Louis immediately regretted the question, as the captain didn’t answer but merely withdrew to his own quarters. Just when I was making headway with the man! Louis chastised himself.
Maggie Stevenson, oblivious to any turmoil, started another hand of whist. When Otis emerged from his cabin, he was carrying a bottle of brandy. “Oh, good,” Maggie cried. “I will deal you in.” Otis poured small glasses of brandy all around.
“How nice,” Maggie cooed. “May I propose a toast?” She raised her glass to the captain, the Russian at the wheel and another sailor standing by, Valentine, and her family members one by one. “To the Cascos!”
There were smiles all around.
“Now, tell me,” Maggie said to the captain when she’d quaffed her brandy, “have you ever read Treasure Island?”
Louis flinched. How like his mother to embarrass him. She asked almost everyone
she met this question. Louis waited for the usual “I liked it” that people offered, especially th
ose who hadn’t read it.
Otis drew on his pipe, smiled slightly, then lifted his glass and clinked it to Maggie’s. “Yo ho ho,” the captain said.
CHAPTER 60
“Land!”
Fanny heard Louis’s shout as if in a dream. She lifted her head off the pillow, shook it, then slid down from her bed. Maggie was already standing there in her robe. The lantern in her hand lit the soles of Valentine’s feet, which were coming down at them from her berth overhead. The women hurried along the hallway and up the ladder to the deck, where they found Louis and the captain staring through binoculars into the near darkness. Louis handed the glasses to Fanny. A long low shadow spread itself wide across the distance. “Morning comes on fast here,” the captain said. But this morning was spreading lazily, to reveal a thick patch of clouds sitting atop the water.

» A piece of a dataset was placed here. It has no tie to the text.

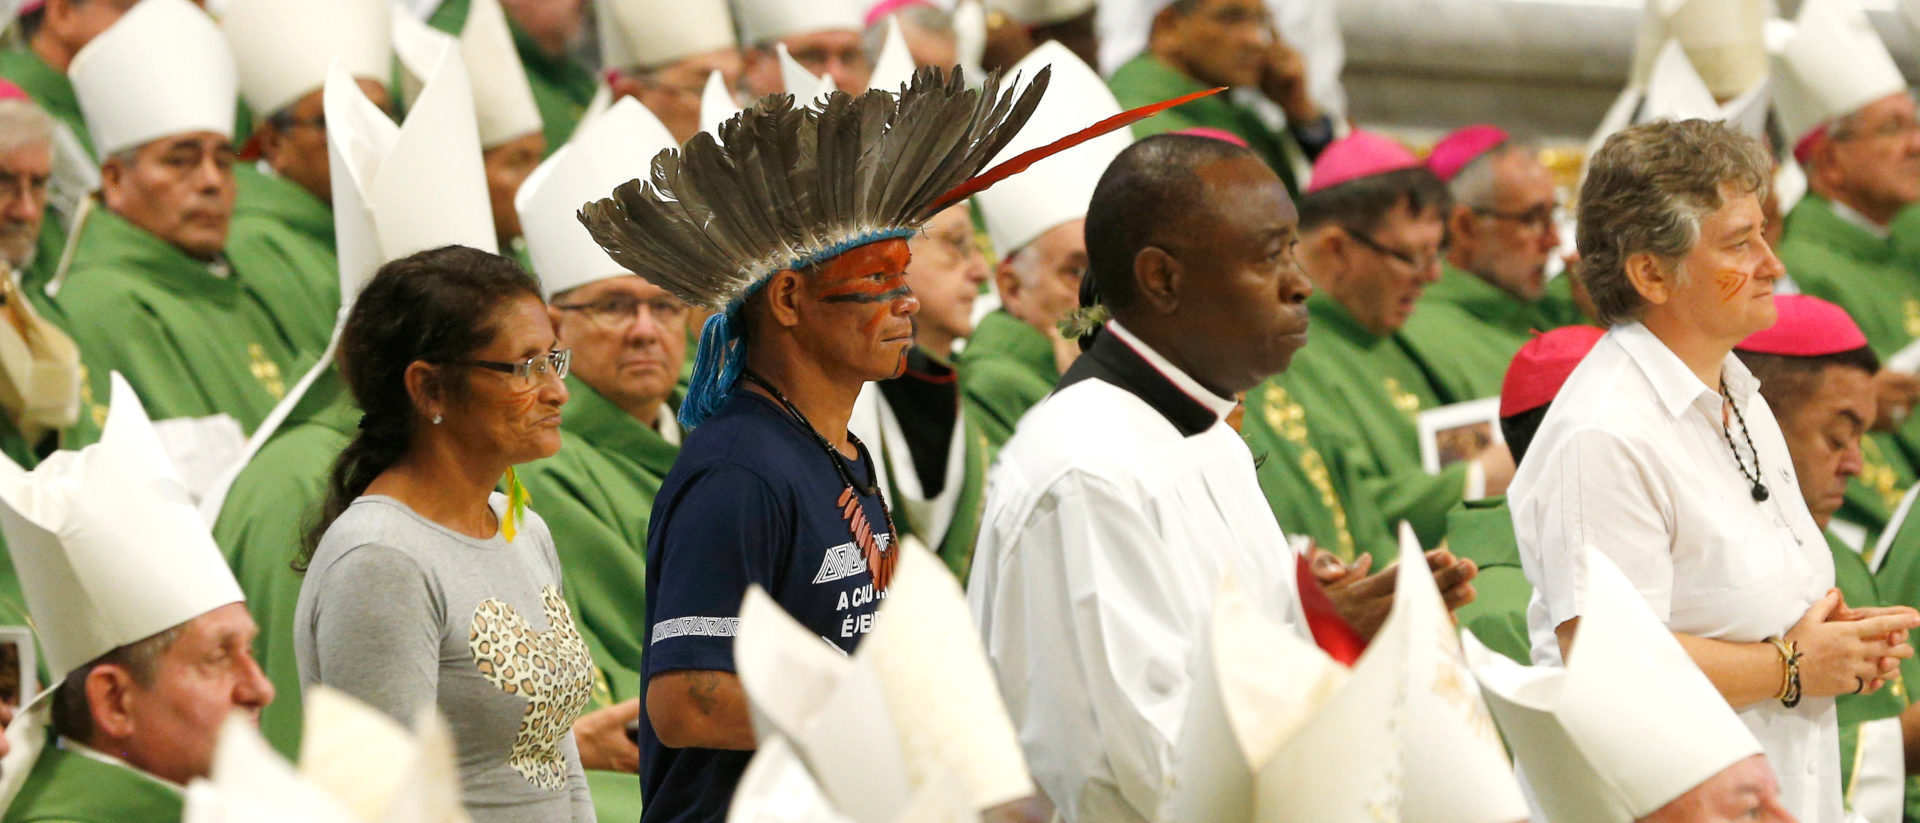 Gottesdienst an der Amazonas-Synode, 2019

Otis ordered the crew to cruise along the northern shore of Nuka Hiva island with Anaho Bay as their goal. The cook came up with coffee and passed around cups as they watched the dawn give way to day. “There are the two peaks!” someone shouted. Within the hour, the captain had sailed into the bay and dropped anchor.
Bright light illuminated the bank of fog lying on the water between the Casco and Nuka Hiva. The block of white covered their view of the beach, but above and behind the cloud layer, they saw brilliant green peaks rise up to points in the blue sky. Through the white mass, a black form appeared. Lloyd was the first to spot it. “Canoe!” he shouted. Paddles projected from either side. As the form grew larger in the distance, they saw a figure stand up and sit down. Two men came into focus, dressed in proper linen pants and coats. Fanny, Maggie, and Valentine hurried below to dress. When they came back up, the men in the canoe were bobbing alongside the schooner.